Methods: In this prospective interventional study, histological proven squamous cell carcinoma of oropharynx, hypopharynx, or larynx with stage T1-3 N0-3 M0 who were not candidates for concurrent chemotherapy were treated with IMRT-SIB with radical intent. Doses prescribed for IMRT-SIB to meet the clinical needs of nodal volumes were either SIB-66 schedule 66 Gray (Gy) prescribed to high risk (HR) planned target volume (PTV), 60 (Gy) to intermediate risk (IR) PTV and 54 Gy to low risk (LR) PTV in 30 fractions or SIB-70 schedule 70 Gy to PTV-HR, 59.4 Gy to PTV-IR and 56 Gy to PTV-LR in 33 fractions.
Result: Forty-five patients were included. Forty-two patients were treated with SIB-66 schedule and three patients with SIB-70 schedule. The median follow-up period was 21 (6–68) months.
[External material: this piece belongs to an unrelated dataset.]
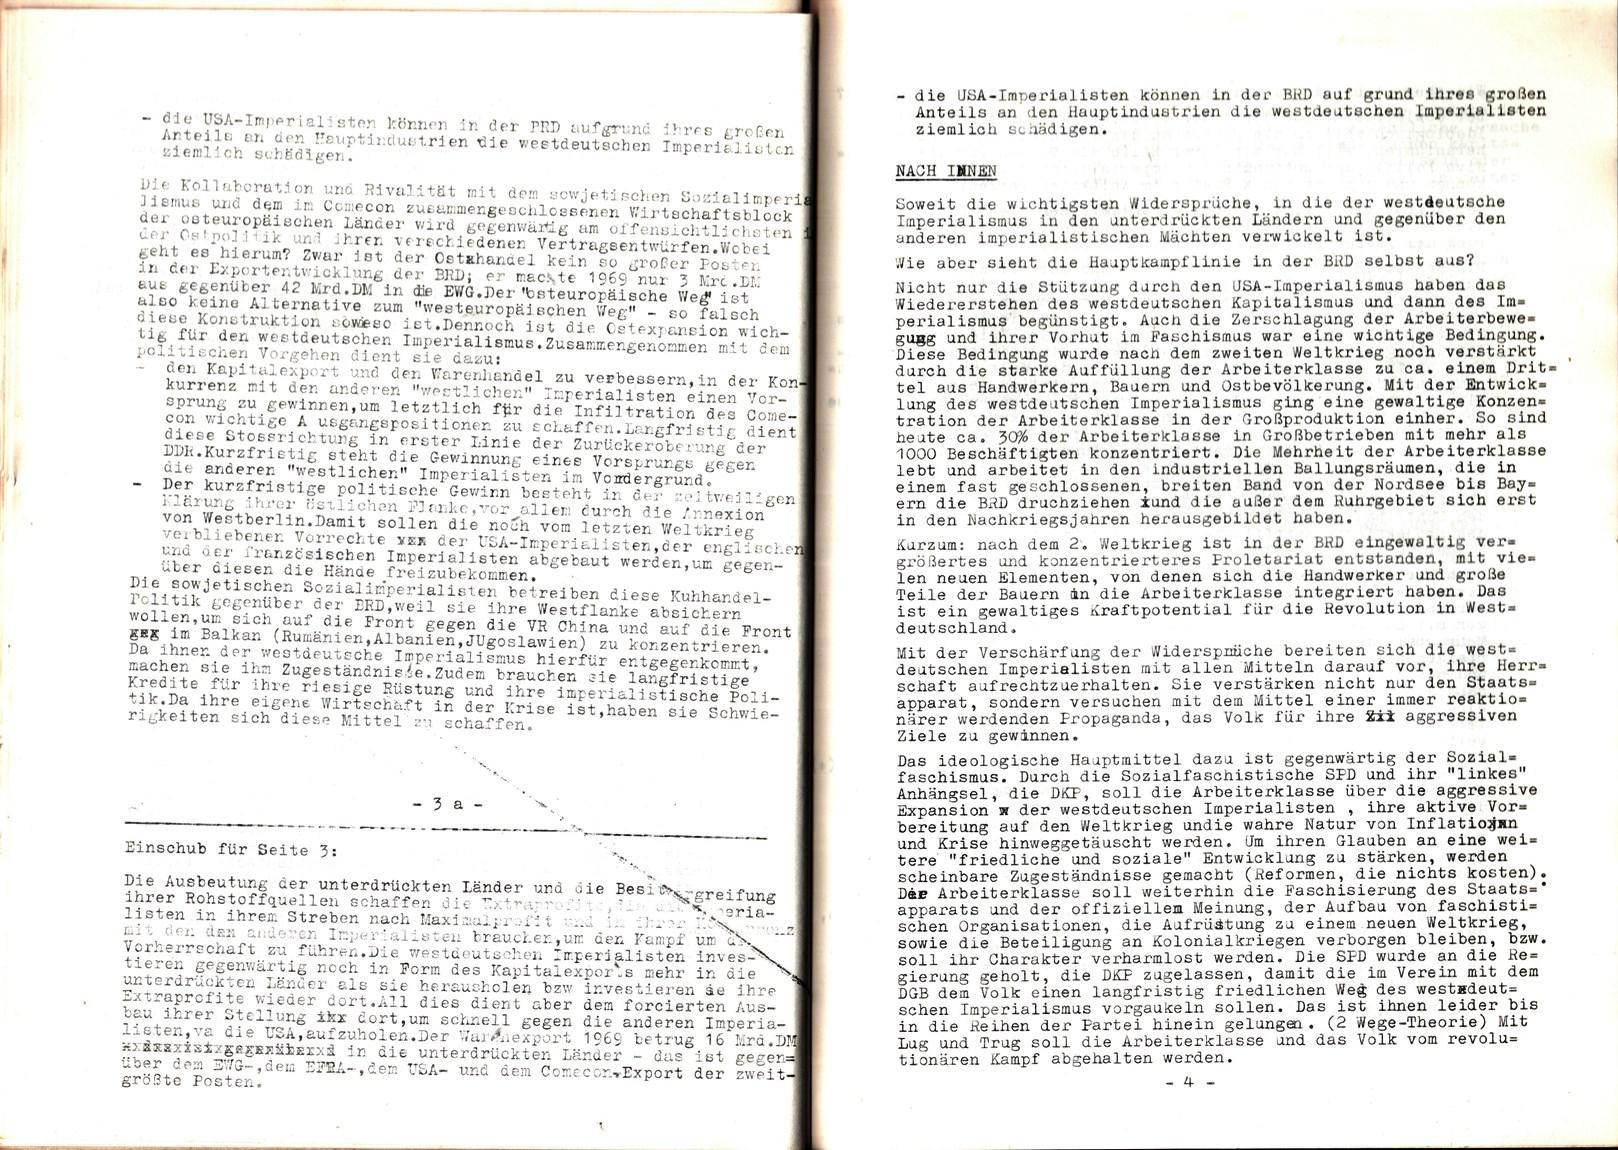 KPDML_1971_Analysen_und_Antraege_des_LV_Sued_West_045
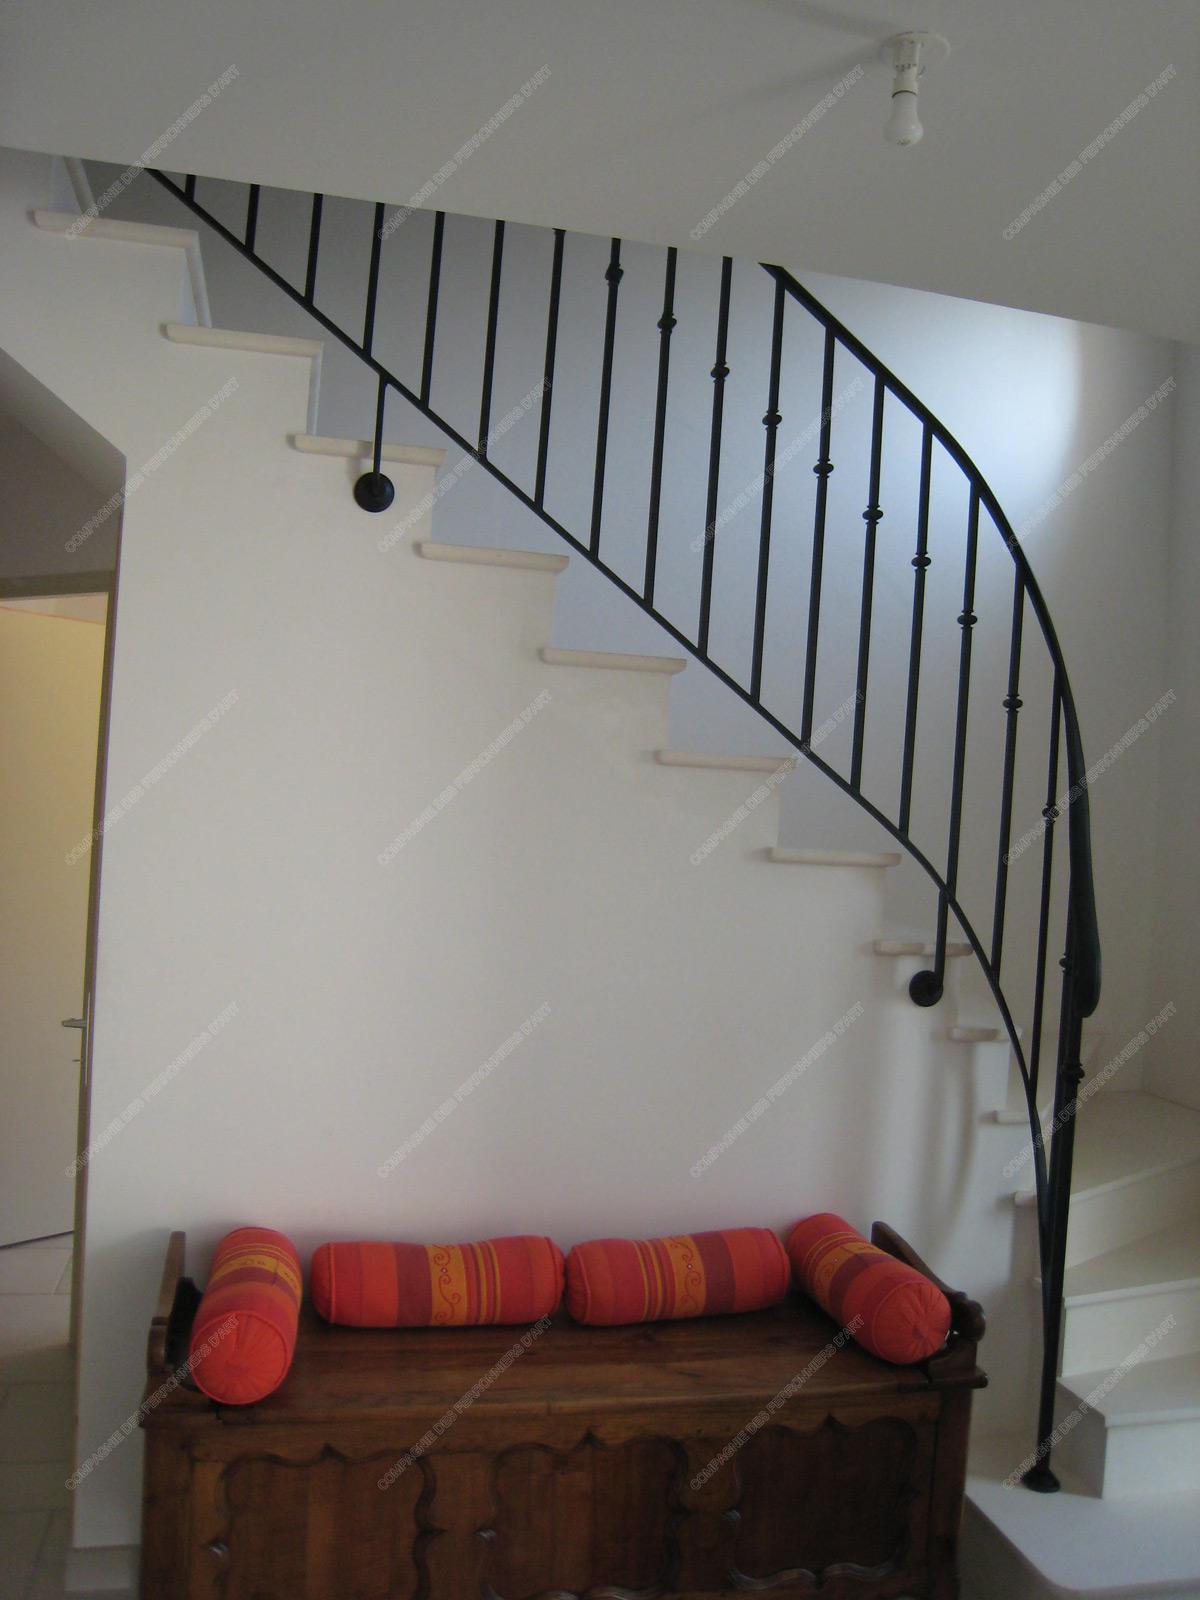 Rampes d\'escalier en fer forgé Design fonctionnel : Modèle Barreaux

There was residual disease in three patients. Recurrence was observed in 24 patients. Most recurrences were in HR volume (n = 19) and three patients had distant failure. Estimated 2-year locoregional control, disease-free survival, and overall survival were 55.55%, 49.7%, and 51.1%, respectively. Grade 3 late skin toxicity, subcutaneous fibrosis, and xerostomia were observed in three patients.
Conclusions: Efficacy and late toxicity of IMRT-SIB observed in our study suggest it as a suitable treatment option for patients who are not fit for chemoradiation.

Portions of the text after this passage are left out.